4

I have an input file I need to extract words from. The words can only contain letters and numbers so anything else will be treated as a delimiter. I tried fscanf,fgets+sscanf and strtok but nothing seems to work.

while(!feof(file))
{
    fscanf(file,"%s",string);
    printf("%s\n",string);
}

Above one clearly doesn't work because it doesn't use any delimiters so I replaced the line with this:

 fscanf(file,"%[A-z]",string);

It reads the first word fine but the file pointer keeps rewinding so it reads the first word over and over.

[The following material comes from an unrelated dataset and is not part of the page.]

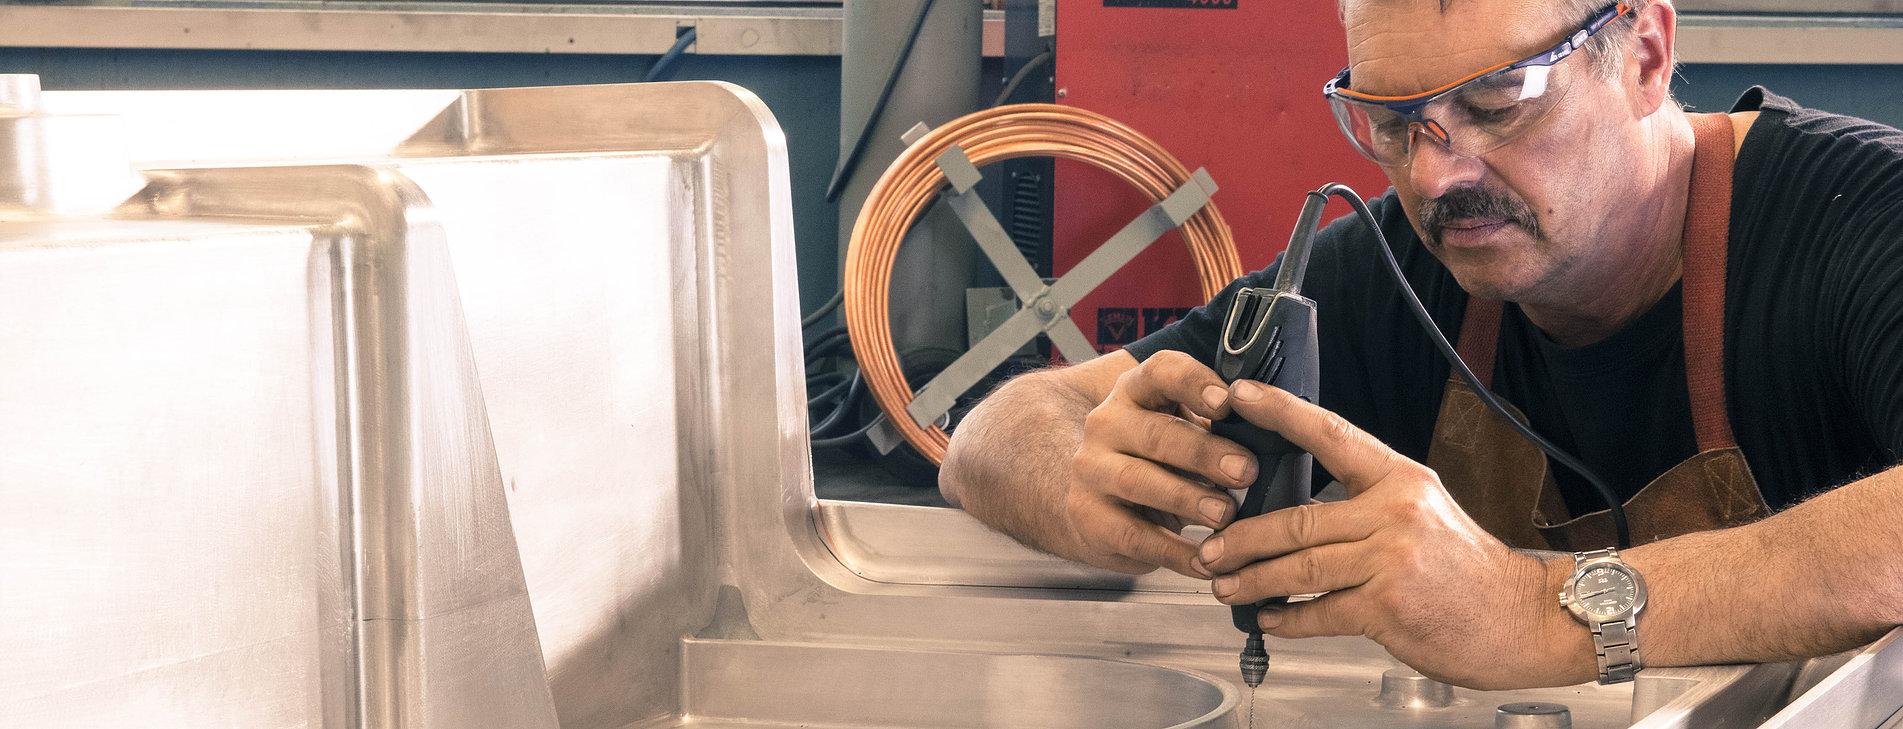 Mitarbeiter von swissplast bohrt an einem Metallteil

So I used fgets to read the first line and use sscanf:

sscanf(line,"%[A-z]%n,word,len);
line+=len;

This one doesn't work either because whatever I try I can't move the pointer to the right place. I tried strtok but I can't find how to set delimitters

while(p != NULL) {
printf("%s\n", p);
p = strtok(NULL, " ");

This one obviously take blank character as a delimitter but I have literally 100s of delimitters.

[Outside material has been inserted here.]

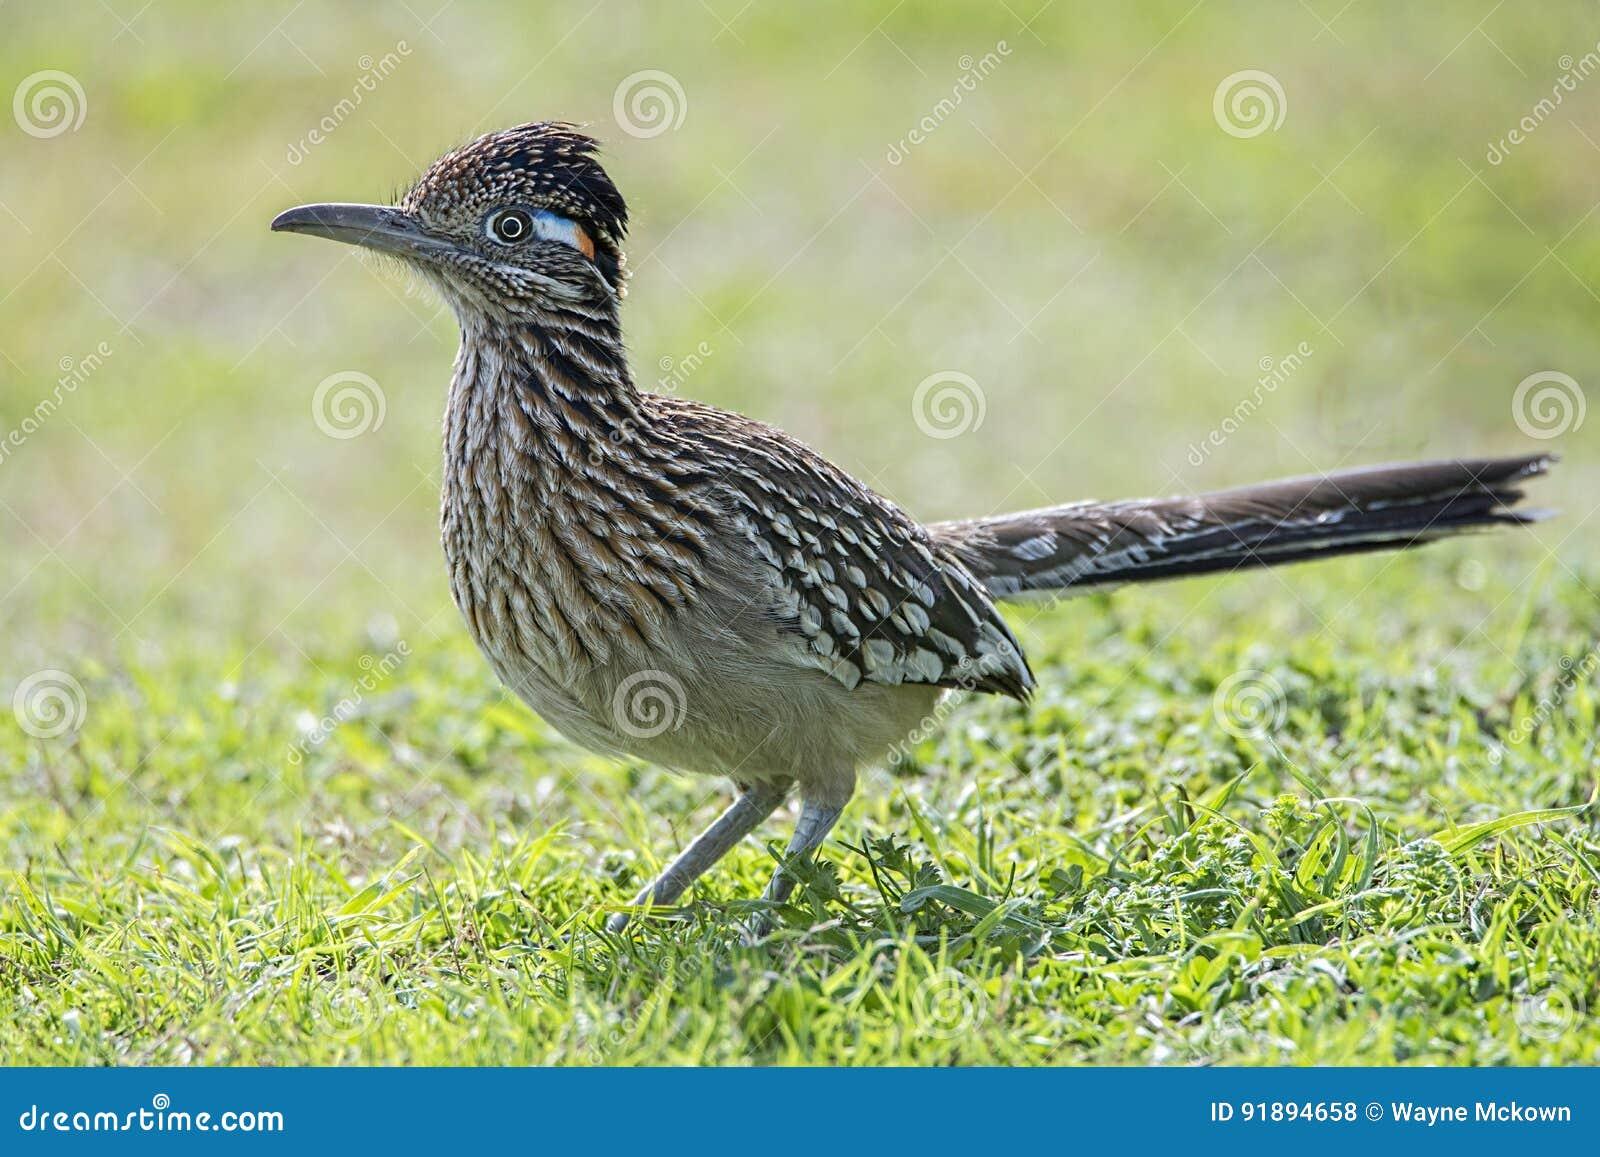 Alimento da caça do pássaro do Roadrunner no campo gramíneo, bico, penas, asa,

Am I missing something here becasue extracting words from a file seemed a simple concept at first but nothing I try really works?

Ihateparsing
  • 55
  • 1
  • 5

4 Answers4

3

Consider building a minimal lexer. When in state word it would remain in it as long as it sees letters and numbers. It would switch to state delimiter when encountering something else. Then it could do an exact opposite in the state delimiter.

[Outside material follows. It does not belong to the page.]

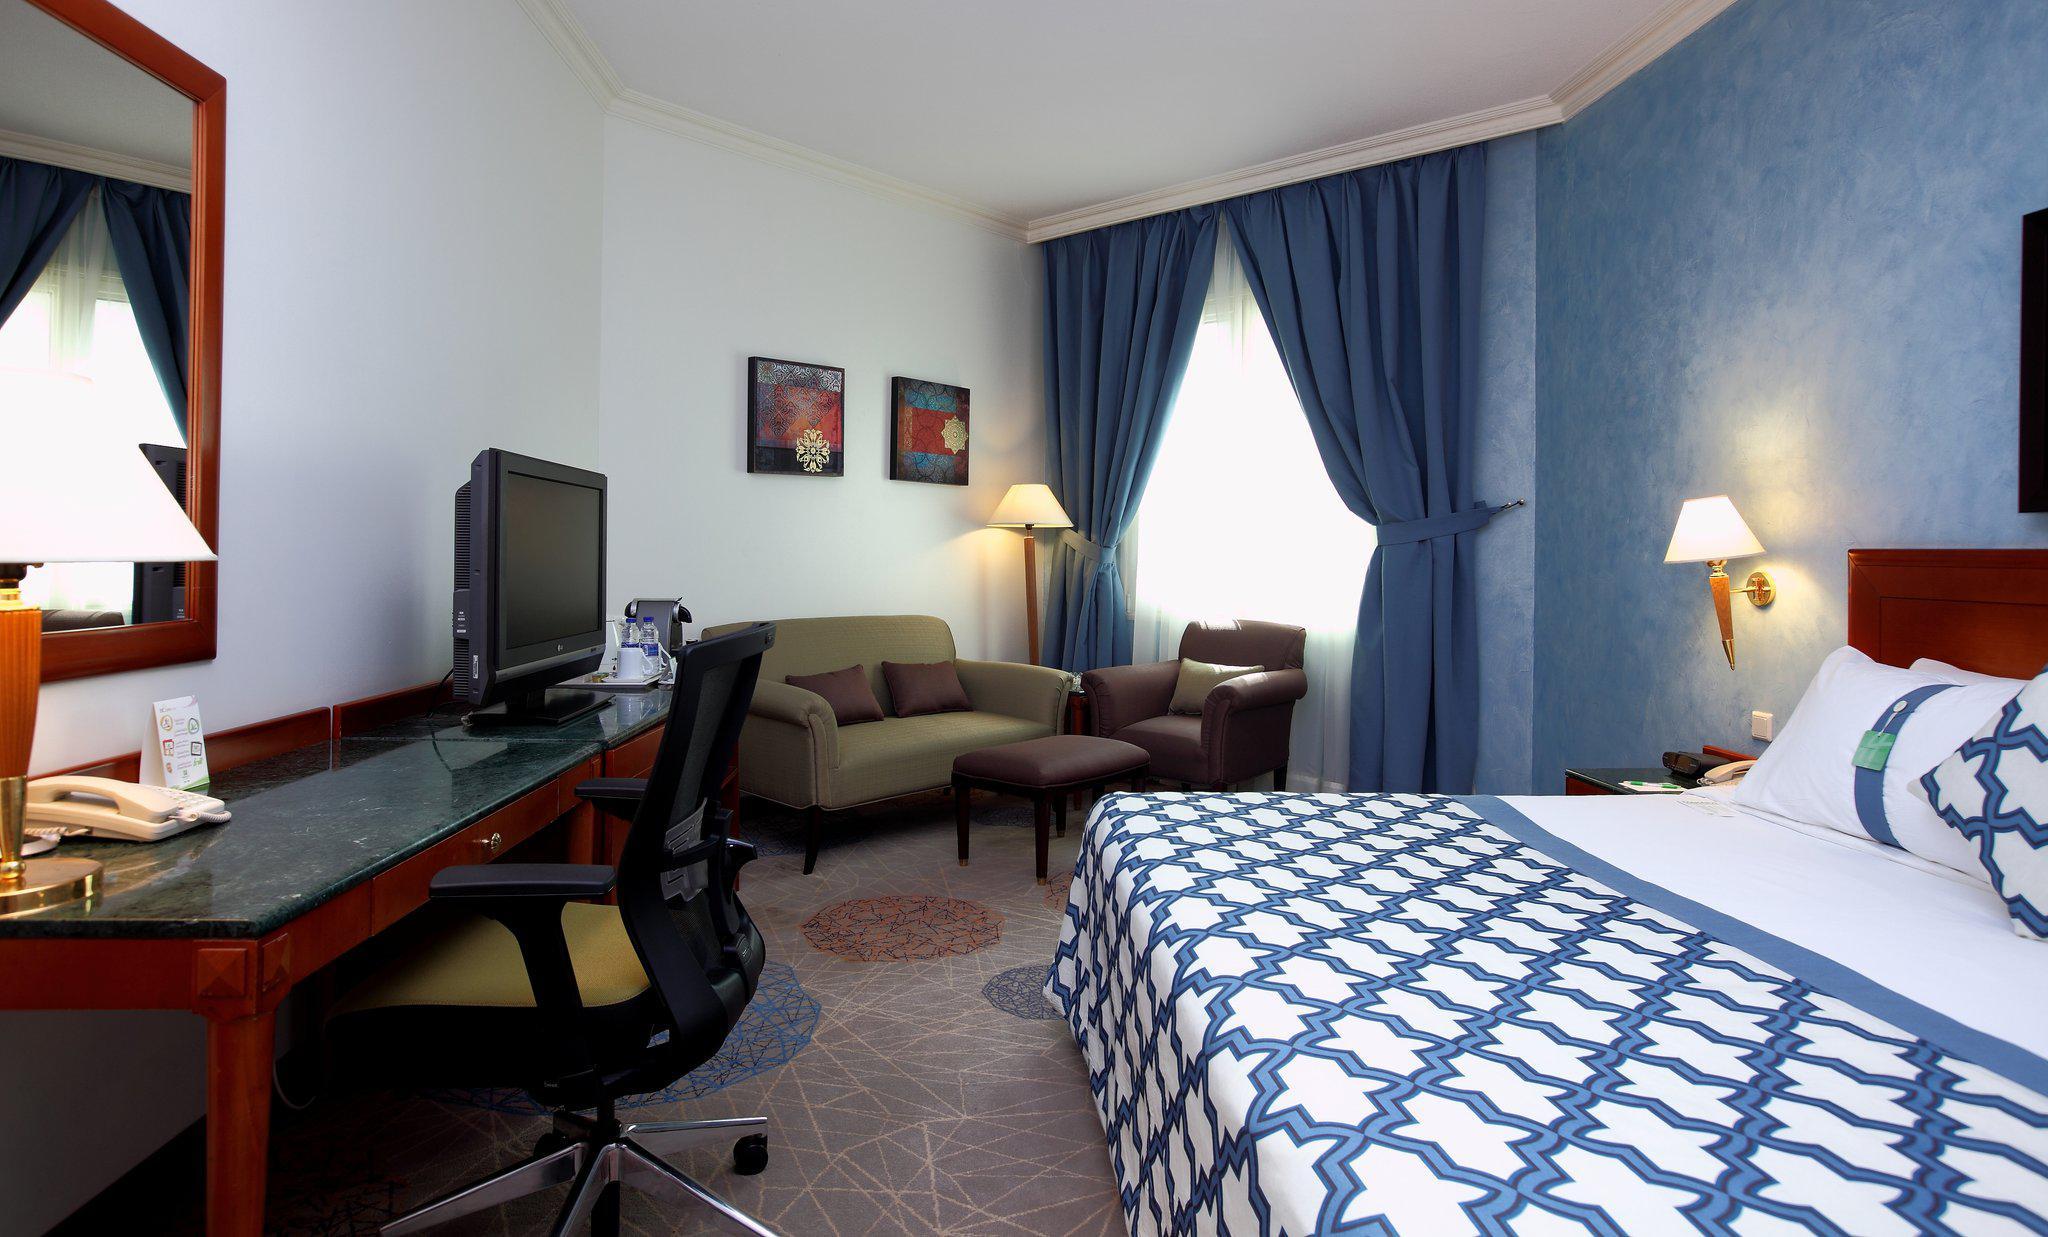 Holiday Inn al Khobar, an IHG Hotel

Here's an example of a simple state machine which might be helpful. For the sake of brevity it works only with digits. echo "2341,452(42 555" | ./main will print each number in a separate line. It's not a lexer but the idea of switching between states is quite similar.

#include <stdio.h>
#include <string.h>

int main() {
  static const int WORD = 1, DELIM = 2, BUFLEN = 1024;
  int state = WORD, ptr = 0;
  char buffer[BUFLEN], *digits = "1234567890";
  while ((c = getchar()) != EOF) {
    if (strchr(digits, c)) {
      if (WORD == state) {
        buffer[ptr++] = c;
      } else {
        buffer[0] = c;
        ptr = 1;
      }
      state = WORD;
    } else {
      if (WORD == state) {
        buffer[ptr] = '\0';
        printf("%s\n", buffer);
      }
      state = DELIM;
    }
  }
  return 0;
}

If the number of states increases you can consider replacing if statements checking the current state with switch blocks. The performance can be increased by replacing getchar with reading a whole block of the input to a temporary buffer and iterating through it.

In case of having to deal with a more complex input file format you can use lexical analysers generators such as flex. They can do the job of defining state transitions and other parts of lexer generation for you.

Jan
  • 11,636
  • 38
  • 47
2

Several points:

First of all, do not use feof(file) as your loop condition; feof won't return true until after you attempt to read past the end of the file, so your loop will execute once too often.

Second, you mentioned this:

fscanf(file,"%[A-z]",string);

It reads the first word fine but the file pointer keeps rewinding so it reads the first word over and over.

That's not quite what's happening; if the next character in the stream doesn't match the format specifier, scanf returns without having read anything, and string is unmodified.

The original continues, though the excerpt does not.